In this analysis, we will explore the mtcars dataset,
which contains information about various car models and their
specifications. We will focus on attributes like miles per gallon (mpg),
horsepower (hp), weight (wt), and number of cylinders (cyl). The goal is
to perform data wrangling using dplyr, generate summary
statistics, and visualize relationships between key variables using
ggplot2.
The mtcars dataset is built into R, so no import is
needed. We will start by performing some data wrangling tasks such as
selecting, filtering, and mutating the data.
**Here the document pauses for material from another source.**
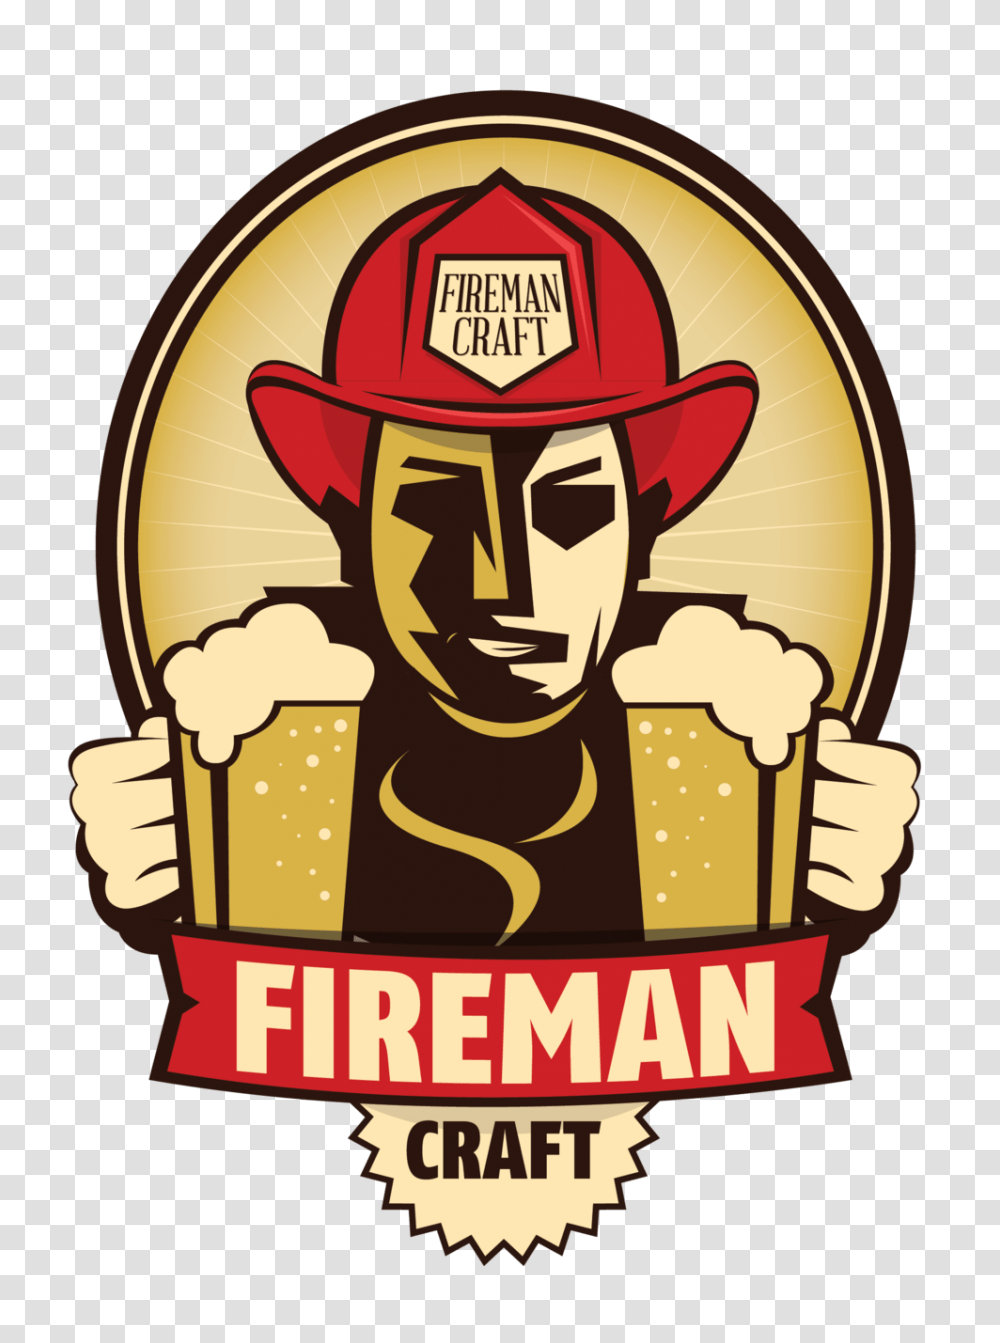 Fireman Craft Beer Jp Morales, Label, Logo Transparent Png

# Loading necessary libraries
library(dplyr)
## Warning: package 'dplyr' was built under R version 4.4.2
##
## Attaching package: 'dplyr'
## The following objects are masked from 'package:stats':
##
## filter, lag
## The following objects are masked from 'package:base':
##
## intersect, setdiff, setequal, union
library(ggplot2)
## Warning: package 'ggplot2' was built under R version 4.4.2
# View the first few rows of the mtcars dataset
head(mtcars)
## mpg cyl disp hp drat wt qsec vs am gear carb
## Mazda RX4 21.0 6 160 110 3.90 2.620 16.46 0 1 4 4
## Mazda RX4 Wag 21.0 6 160 110 3.90 2.875 17.02 0 1 4 4
## Datsun 710 22.8 4 108 93 3.85 2.320 18.61 1 1 4 1
## Hornet 4 Drive 21.4 6 258 110 3.08 3.215 19.44 1 0 3 1
## Hornet Sportabout 18.7 8 360 175 3.15 3.440 17.02 0 0 3 2
## Valiant 18.1 6 225 105 2.76 3.460 20.22 1 0 3 1
# Data Wrangling: Selecting, filtering, and mutating
mtcars_clean <- mtcars %>%
select(mpg, hp, wt, cyl, gear) %>% # Selecting specific columns
filter(hp > 100) %>% # Filtering cars with more than 100 horsepower
mutate(mpg_per_1000wt = mpg / (wt / 1000)) # Mutating a new column
# Show the first few rows of the cleaned dataset
head(mtcars_clean)
## mpg hp wt cyl gear mpg_per_1000wt
## Mazda RX4 21.0 110 2.620 6 4 8015.267
## Mazda RX4 Wag 21.0 110 2.875 6 4 7304.348
## Hornet 4 Drive 21.4 110 3.215 6 3 6656.299
## Hornet Sportabout 18.7 175 3.440 8 3 5436.047
## Valiant 18.1 105 3.460 6 3 5231.214
## Duster 360 14.3 245 3.570 8 3 4005.602
# Scatter plot of horsepower vs mpg
ggplot(mtcars_clean, aes(x = hp, y = mpg)) +
geom_point() +
labs(title = "Horsepower vs. Miles per Gallon",
x = "Horsepower",
y = "Miles per Gallon") +
theme_minimal()
# Box plot of mpg by number of cylinders
ggplot(mtcars_clean, aes(x = factor(cyl), y = mpg)) +
geom_boxplot() +
labs(title = "MPG by Number of Cylinders",
x = "Number of Cylinders",
y = "Miles per Gallon") +
theme_minimal()
##summary and interpretation
Horsepower vs. Miles per Gallon (MPG):
There is a negative correlation between horsepower and mpg. Cars with higher horsepower tend to have lower fuel efficiency, as more powerful engines consume more fuel. Cylinders vs. Miles per Gallon (MPG):
Cars with fewer cylinders (e.g., 4-cylinder engines) generally have higher mpg, indicating they are more fuel-efficient. Cars with 6 or 8 cylinders tend to have lower mpg due to higher fuel consumption associated with more powerful engines. Horsepower and Fuel Efficiency:
Higher horsepower generally leads to lower fuel efficiency, confirming the trade-off between performance and mpg. Cylinders and Fuel Efficiency:
4-cylinder cars are more fuel-efficient than 6-cylinder or 8-cylinder cars, reinforcing the idea that smaller engines consume less fuel.